Some of them are probably short and sweet and could live happily as [doctests](https://doc.rust-lang.org/rustdoc/documentation-tests.html), which are amazing btw. But some of them are more awkward to present in such form, because, for example, of their size or number. Typically when you have an example of how the program should behave you write an example-based unit test. Ideally, each of them would represent an isolated example and they should fail independently. But, converting your source data files into a unit test one by one, manually, can be a bit tedious.
[Rust build scripts](https://doc.rust-lang.org/cargo/reference/build-scripts.html) to the rescue !
What if you could could just iterate over the data files you have already and then produce unit tests accordingly ?
What follows is an example of such, where we iterate over directories and generate one unit test per each, assuming all of them contain files named according to our convention.
I chose to generate integration tests here, but you can generate pretty much any code using this technique.
`tests/test_loader.rs`
```rust
// include tests generated by `build.rs`, one test per directory in tests/data
include!(concat!(env!("OUT_DIR"), "/tests.rs"));
```
`build.rs`
```rust
use std::env;
use std::fs::read_dir;
use std::fs::DirEntry;
use std::fs::File;
use std::io::Write;
use std::path::Path;
// build script's entry point
fn main() {
let out_dir = env::var("OUT_DIR").unwrap();
let destination = Path::new(&out_dir).join("tests.rs");
let mut test_file = File::create(&destination).unwrap();
// write test file header, put `use`, `const` etc there
write_header(&mut test_file);
let test_data_directories = read_dir("./tests/data/").unwrap();
for directory in test_data_directories {
write_test(&mut test_file, &directory.unwrap());
}
}
fn write_test(test_file: &mut File, directory: &DirEntry) {
let directory = directory.path().canonicalize().unwrap();
let path = directory.display();
let test_name = format!(
"prefix_if_needed_{}",
directory.file_name().unwrap().to_string_lossy()
);
write!(
test_file,
include_str!("./tests/test_template"),
name = test_name,
path = path
)
.unwrap();
}
fn write_header(test_file: &mut File) {
write!(
test_file,
r#"
use crate_under_test::functionality_under_test;
"#
)
.unwrap();
}
```
`tests/test-template`
```rust
#[test]
fn {name}() {{
let input = include_str!("{path}/input-data");
let expected_output = include_str!("{path}/output-data");
let actual_output = functionality_under_test(input);
assert_eq!(expected_output, actual_output);
}}
```
So to recap - first the `build.rs` script creates `$OUT_DIR/tests.rs` file containing all the generated tests code.
The compiler does not know there are tests to launch using normal integration tests procedure there though,
so then we use `tests/test_loader.rs` to tell it so, basically including the generated Rust code into that file.

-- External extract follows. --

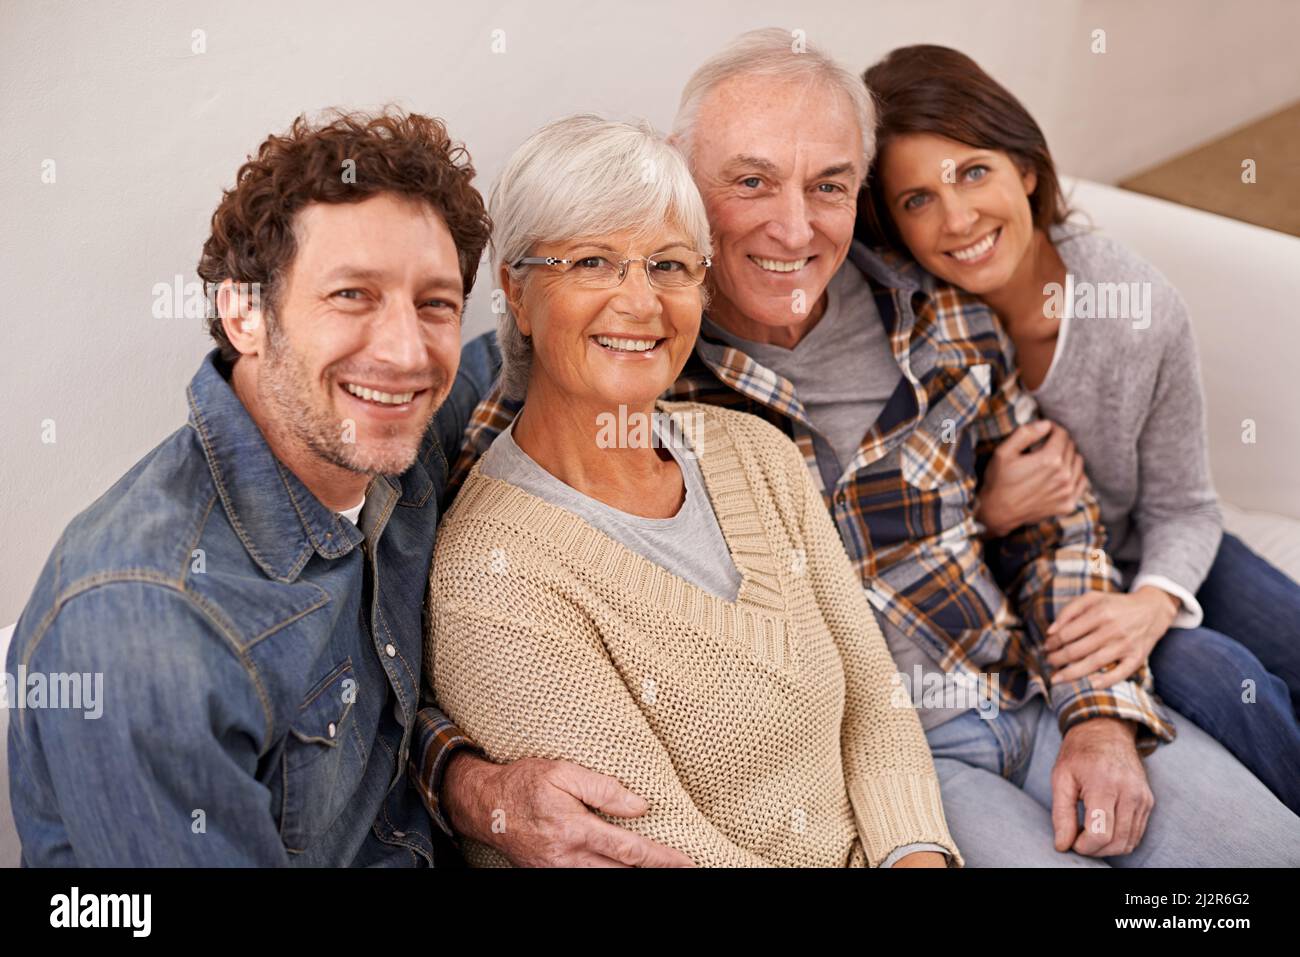 Spending time with mom and dad. A portrait of happy mature parents sitting with their adult children at home. Stock Photo

After the compilation proceeds normally, giving us one unit test per directory, giving us ability to pinpoint test cases that are problematic more precisely.
You can then further improve on that, e.g. add more directory structure, split tests into modules etc - you can generate any Rust code this way.
Happy hacking !
p.s.
there are more [Rust testing tricks](/series/rust-testing-tricks) and let me know if you'd like to [pair program with me on anything !](/posts/2018/05/pair-with-me-on-rust)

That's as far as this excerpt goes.